THE TASK — Gather each line in the entries that includes the string "Shirt".

Excerpts from a dataset
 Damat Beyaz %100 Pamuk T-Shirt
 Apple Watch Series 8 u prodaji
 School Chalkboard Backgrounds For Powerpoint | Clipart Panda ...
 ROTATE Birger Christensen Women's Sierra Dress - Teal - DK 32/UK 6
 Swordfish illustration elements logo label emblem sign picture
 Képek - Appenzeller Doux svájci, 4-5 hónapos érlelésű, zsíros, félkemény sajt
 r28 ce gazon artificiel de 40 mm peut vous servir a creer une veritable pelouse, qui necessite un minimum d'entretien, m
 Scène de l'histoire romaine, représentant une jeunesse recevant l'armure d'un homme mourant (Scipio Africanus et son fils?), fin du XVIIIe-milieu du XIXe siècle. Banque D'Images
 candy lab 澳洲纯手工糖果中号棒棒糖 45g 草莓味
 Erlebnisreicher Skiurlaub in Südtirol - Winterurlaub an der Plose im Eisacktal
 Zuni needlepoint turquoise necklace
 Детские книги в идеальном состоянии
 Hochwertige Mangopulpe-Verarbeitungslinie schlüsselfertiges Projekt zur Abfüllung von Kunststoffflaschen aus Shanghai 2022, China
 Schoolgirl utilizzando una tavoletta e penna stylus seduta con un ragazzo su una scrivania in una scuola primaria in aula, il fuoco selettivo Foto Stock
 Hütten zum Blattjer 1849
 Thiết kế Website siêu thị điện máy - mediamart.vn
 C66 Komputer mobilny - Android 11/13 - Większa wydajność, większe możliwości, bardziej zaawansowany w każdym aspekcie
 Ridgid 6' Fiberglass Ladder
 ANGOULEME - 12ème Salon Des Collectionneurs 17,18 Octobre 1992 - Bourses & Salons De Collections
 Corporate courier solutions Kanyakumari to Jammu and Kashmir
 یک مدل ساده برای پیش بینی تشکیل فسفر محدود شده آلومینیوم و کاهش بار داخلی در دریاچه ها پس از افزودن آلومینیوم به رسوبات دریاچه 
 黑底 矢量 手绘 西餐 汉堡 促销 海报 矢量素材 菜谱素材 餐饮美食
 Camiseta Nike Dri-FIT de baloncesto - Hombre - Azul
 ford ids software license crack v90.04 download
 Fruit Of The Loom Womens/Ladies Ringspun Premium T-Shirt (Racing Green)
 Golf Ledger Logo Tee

REPLY TO THE TASK —
 Damat Beyaz %100 Pamuk T-Shirt
 Fruit Of The Loom Womens/Ladies Ringspun Premium T-Shirt (Racing Green)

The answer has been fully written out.